FWIW, I made a list of all the messed-up topic IDs in ddr-pc-33. The good news is it's a finite list and the messed-up IDs follow a pattern.

files/ddr-pc-33-10/entity.json-100-                "id": "Community publications: Pacific Citizen:389"
files/ddr-pc-33-10/entity.json-88-                "id": "Civil rights:234"
files/ddr-pc-33-10/entity.json-92-                "id": "Associations and organizations: The Japanese American Citizens League:20"
files/ddr-pc-33-10/entity.json-96-                "id": "Conventions and conferences:299"
files/ddr-pc-33-11/entity.json-88-                "id": "Recreational activities: Sports: Bowling:316"

Shouldn't be too hard to write a script that hits each of these objects, extracts the (numeric) ID, gets the matching topic from the vocabs API, and then writes the object.

gjost commented 7 years ago

I'm prepping a modification to ddr-defs/(entity,segment)/json_load that should correct these problems.

gjost commented 7 years ago

ddr-defs: A temporary replacement for repo_models.entity.jsonload_topics that looks for topics exhibiting the two problem patterns and repairs them with data from the topics vocab API.
This fix is commit 7b37fc5 on the 043-repair-topics branch.

ddr-cmdln: Updated the ddr-transform command, adding options to filter by object ID (simple wildcard match) or by model. This would let you run ddr-transform on only certain objects in a collection, or only on certain models. This fix is commit b8141c7 in the master branch.

ddr-local: Updated the base template to display the ddr-defs path. I initially had trouble fixing this issue because my dev VM was using the wrong ddr-defs.

gjost commented 7 years ago

Looking at the repo's commit history to determine when the problem first occurred.

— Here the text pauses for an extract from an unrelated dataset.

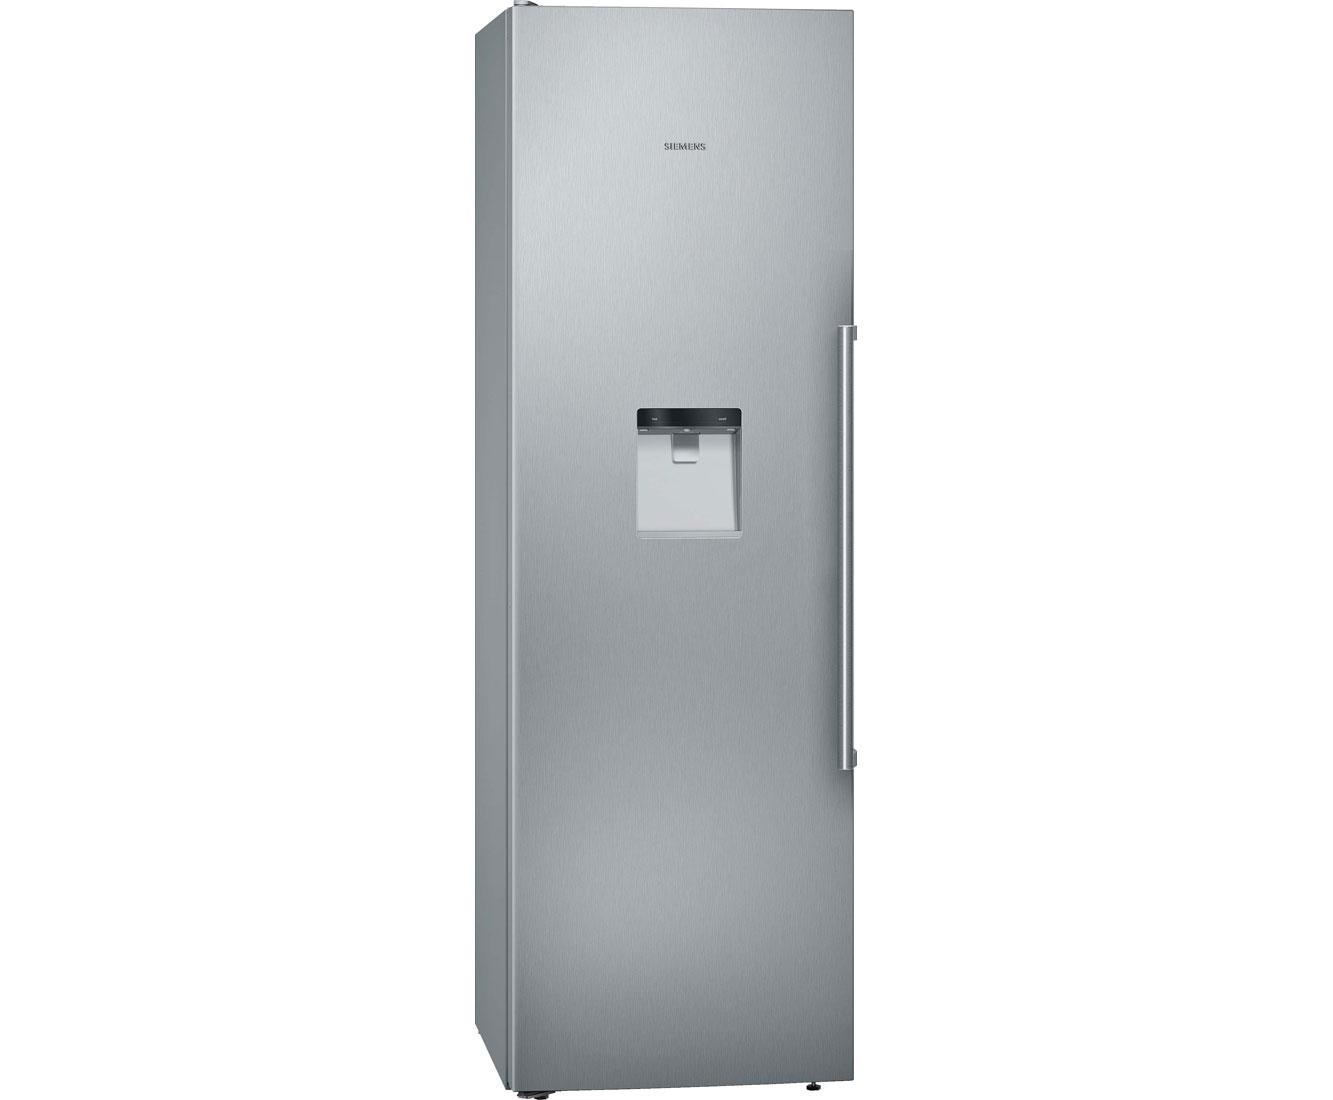 Siemens Iq500 Ks36wbi3p Kuhlschrank Edelstahl A

commit 0a74fc9cf8 2017-07-10 10:29 Caitlin Oiye Updated metadata file(s) ddrcmdln: 00d6bf004a (master) 2017-05-03 11:27:32 ddrdefs: 8c5e0b200f 2017-02-01 14:36:59 -0800 This commit modified 50 entity.json files in the repo. Looks like a ddr-transform run, except the commit is attributed to the archivist. This commit updates records to the new/current format. Topics are updated thusly:

@@ -80,67 +84,99 @@                                                                                                                                            
         "topics": [                                                                                                                                           
-            "Activism and involvement: Civil rights [234]",                                                                                                   
-            "Community activities: Associations and organizations: The Japanese American Citizens League [20]",                                               
-            "Community activities: Conventions and conferences [299]",                                                                                        
-            "Journalism and media: Community publications: Pacific Citizen [389]"                                                                             
+            {                                                                                                                                                 
+                "id": "234",                                                                                                                                  
+                "term": "Activism and involvement: Civil rights"                                                                                              
+            },                                                                                                                                                
+            {                                                                                                                                                 
+                "id": "20",                                                                                                                                   
+                "term": "Community activities: Associations and organizations: The Japanese American Citizens League"                                         
+            },                                                                                                                                                
+            {                                                                                                                                                 
+                "id": "299",                                                                                                                                  
+                "term": "Community activities: Conventions and conferences"                                                                                   
+            },                                                                                                                                                
+            {                                                                                                                                                 
+                "id": "389",                                                                                                                                  
+                "term": "Journalism and media: Community publications: Pacific Citizen"                                                                       
+            }                                                                                                                                                 

After this commit ~50 entity.json files were individually modified, from 10:29 to 10:51. Roughly 3 entities per minute, so looks like manual activity. The bad topics data is introduced in these commits. App and defs metadata is unchanged in this diff. ddrcmdln: 00d6bf004a (master) 2017-05-03 11:27:32 ddrdefs: 8c5e0b200f 2017-02-01 14:36:59 -0800 Here is a representative commit:

@@ -85,16 +85,16 @@                                                                                                                                            
         "topics": [                                                                                                                                           
-                "id": "235",                                                                                                                                  
-                "term": "Activism and involvement: Politics"                                                                                                  
+                "id": "Politics:235",                                                                                                                         
+                "term": "Activism and involvement"                                                                                                            
-                "id": "43",                                                                                                                                   
-                "term": "Identity and values: Issei"                                                                                                          
+                "id": "Issei:43",                                                                                                                             
+                "term": "Identity and values"                                                                                                                 
-                "id": "389",                                                                                                                                  
-                "term": "Journalism and media: Community publications: Pacific Citizen"                                                                       
+                "id": "Community publications: Pacific Citizen:389",                                                                                          
+                "term": "Journalism and media"                                                                                                                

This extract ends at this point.